George F. Will wrote a column last November 1 about the Carol Bond case. Carol learned her husband had impregnated her best friend and became, as you might expect, a wee bit upset. Carol put toxic chemicals into her friend’s car causing chemical burns on her thumb. She was charged by the federal government pursuant to legislation Congress passed to implement the 1993 Convention on the Prohibition of the Development, Production, Stockpiling and Use of Chemical Weapons and on Their Destruction. Will said: “the federal government did not intervene in the Bond case because her action threatened a distinctly federal interest. It intervened because it thought it could: Government’s will to power is an irresistible force until it meets an immoveable object — a court. Which is why our Constitution requires not judicial deference but active judicial engagement in defense of its liberty-protecting structure. And why the case of the mildly injured thumb matters so much.”
Will also noted a judge who concurred in the decision on her case called it: “a troublesome example of the federal government’s appetite for criminal lawmaking” (the federal criminal code includes more than 4,450 crimes). He hoped the Supreme Court would “clarify (indeed curtail) the contours of federal power” to intrude on local matters.”
The O’Brien case, if it is criminal at all, never should have gone to federal court. When you have to use the mail fraud statute to indict people without criminal records and who put nothing in their own pockets you have gone over the edge. Mail fraud, money laundering, obstruction of justice, are charges that can easily be brought. It is hoped in the Carol Bond case the Supreme Court will tell the federal prosecutors to stay out of the state’s business.
According to reports in the O’Brien case, Wyshak is up to his old trick of withholding evidence from the defendants. US District Court Judge F. Dennis Saylor IV who is handling the trial suggested Wyshak was trying “to make the defense scramble in a way on the eve before trial.” Wyshak fired back at him: “It’s the same motion, time and time and time again. The only thing that’s different is the name of the defendant.” In other words he’s usually hiding stuff until the last minute.

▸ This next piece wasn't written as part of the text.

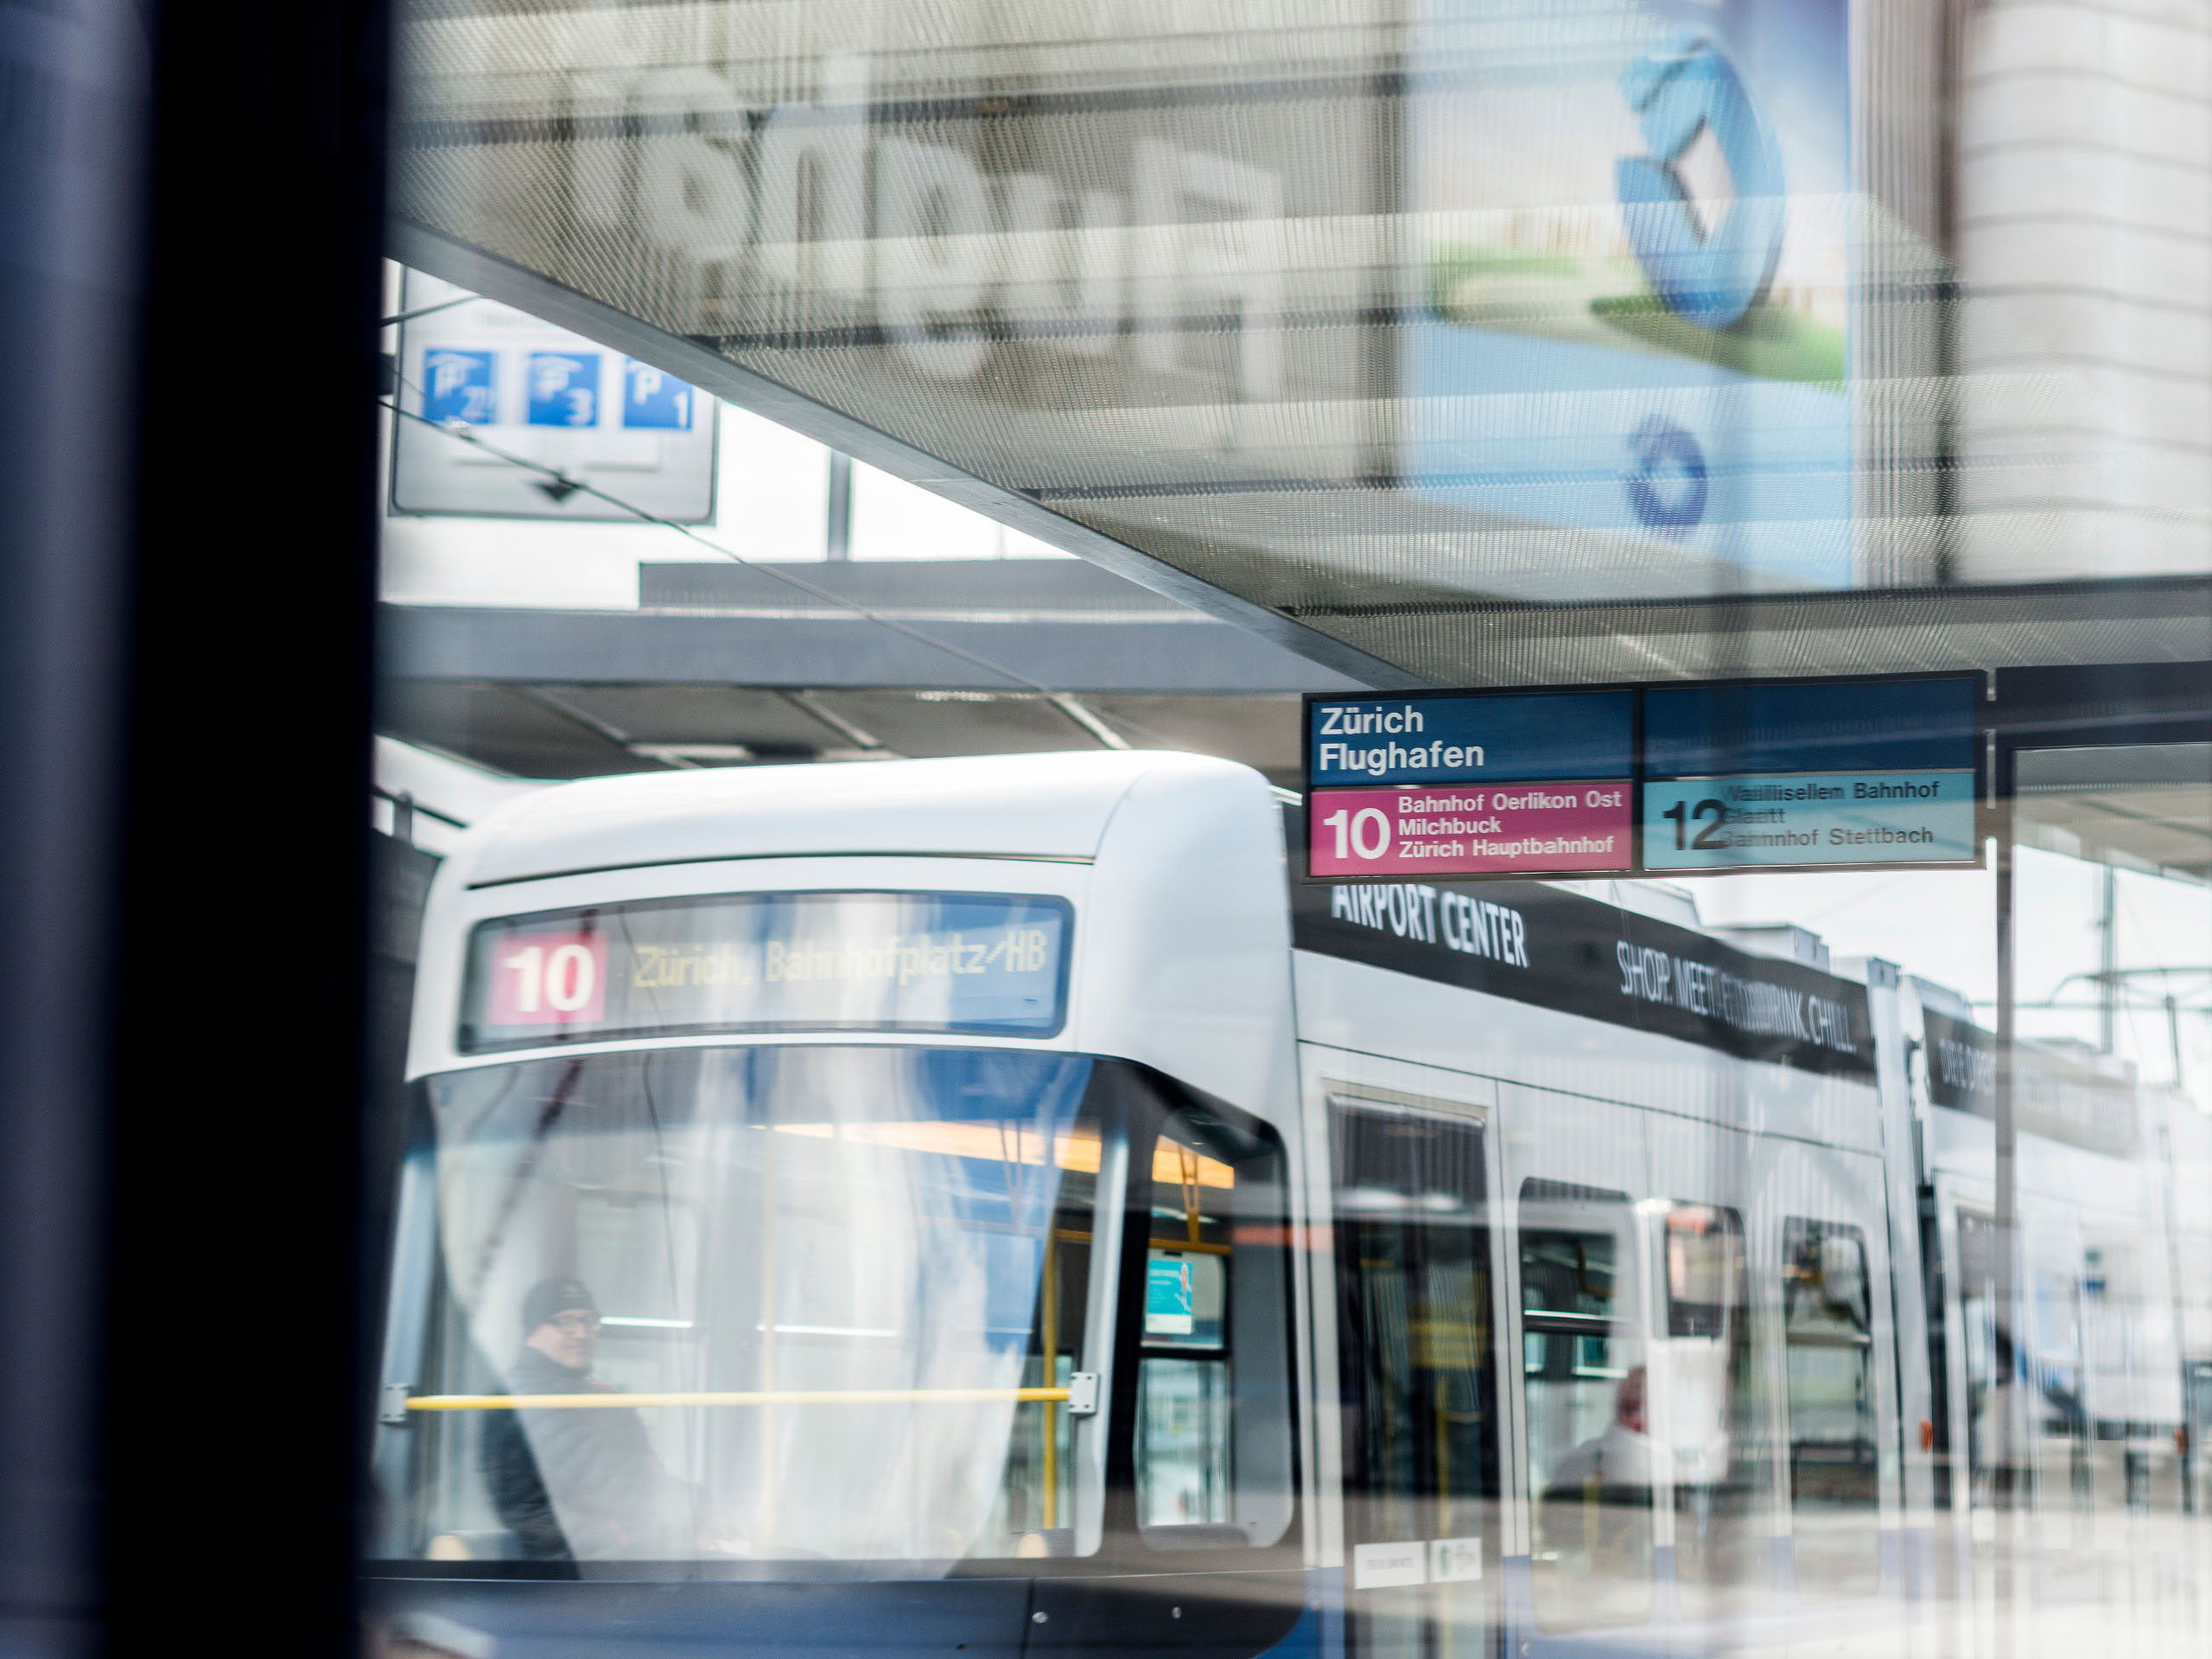 Glattalbahn tram serves airport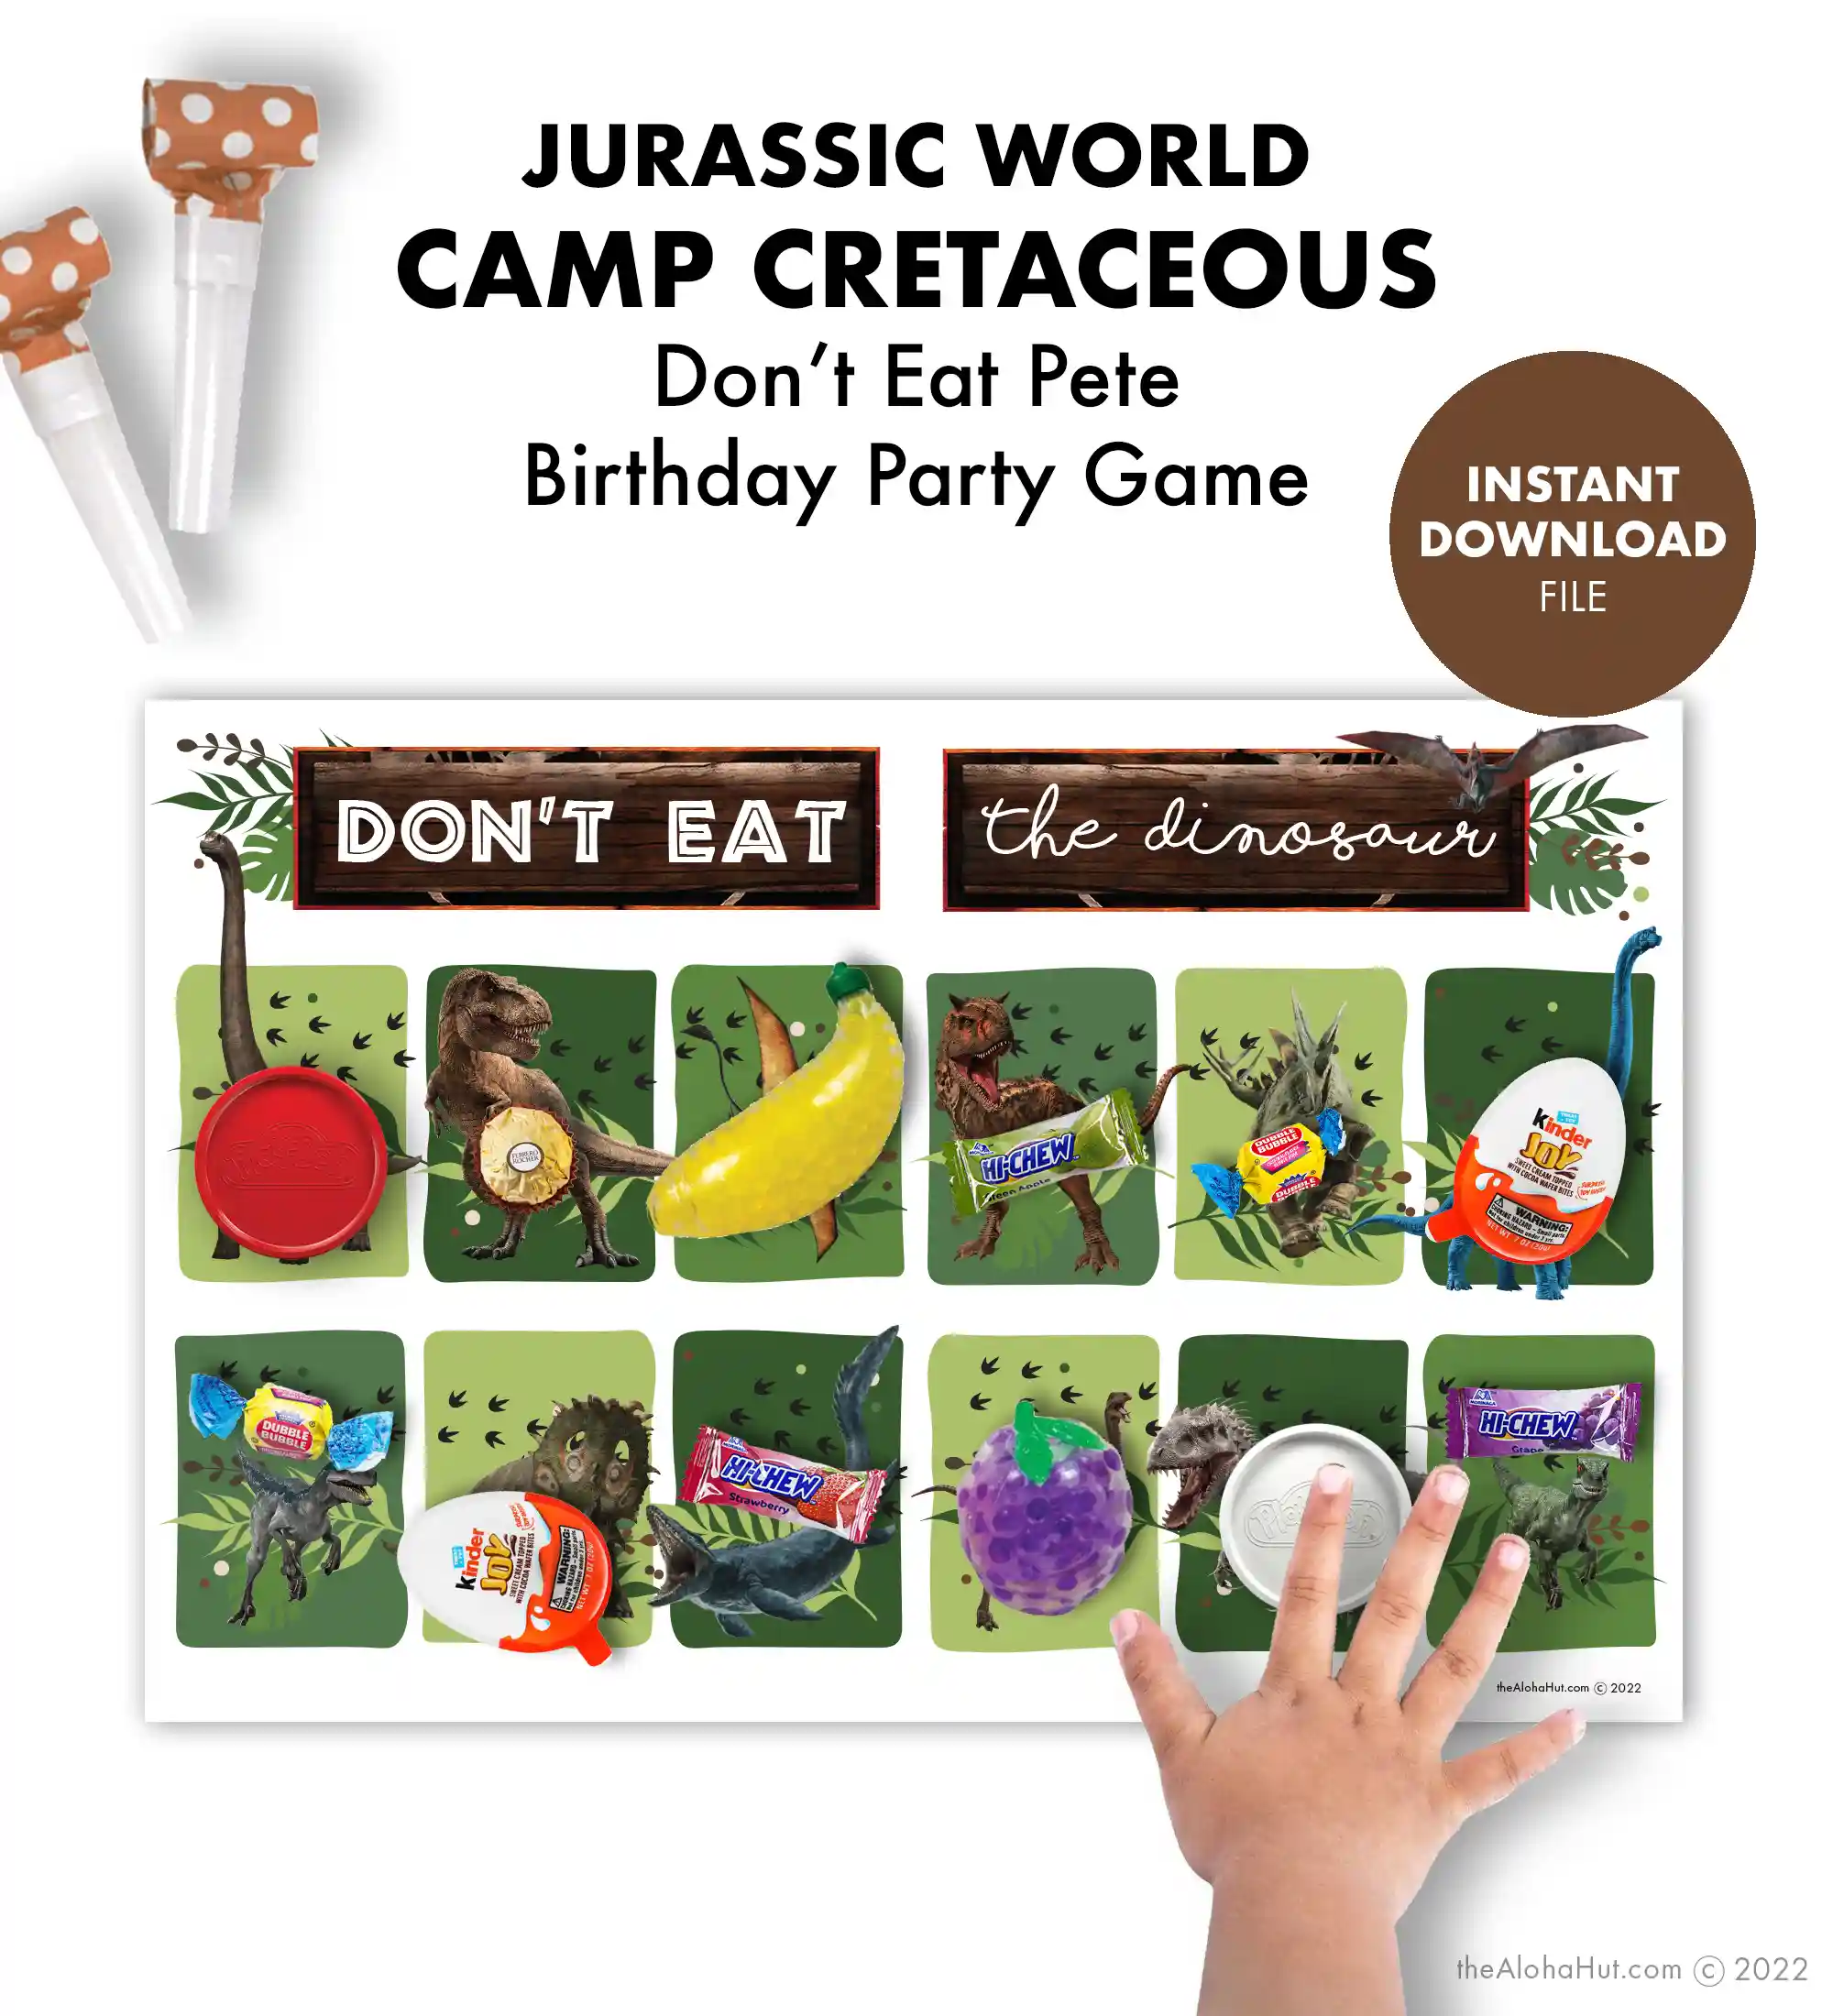 Jurassic World Camp Cretaceous Party Ideas - Dinosaur Party Ideas - free printable party decor & games - don't eat pete

Wyshak was hardly bothered that some judge would object to his last minute chicanery of giving defendants documents he had sat on for a over a year despite his continuing obligation to do so. But he knew the judge would not do anything about it. It’d turn out Judge Saylor, another judge who was a former federal prosecutor, fell in line and caved to Wyshak.
Wyshak’s forte is trial by ambush. His act has traditionally been approved by the judges. He’s a good one to put in charge of a unit where others will learn from his example.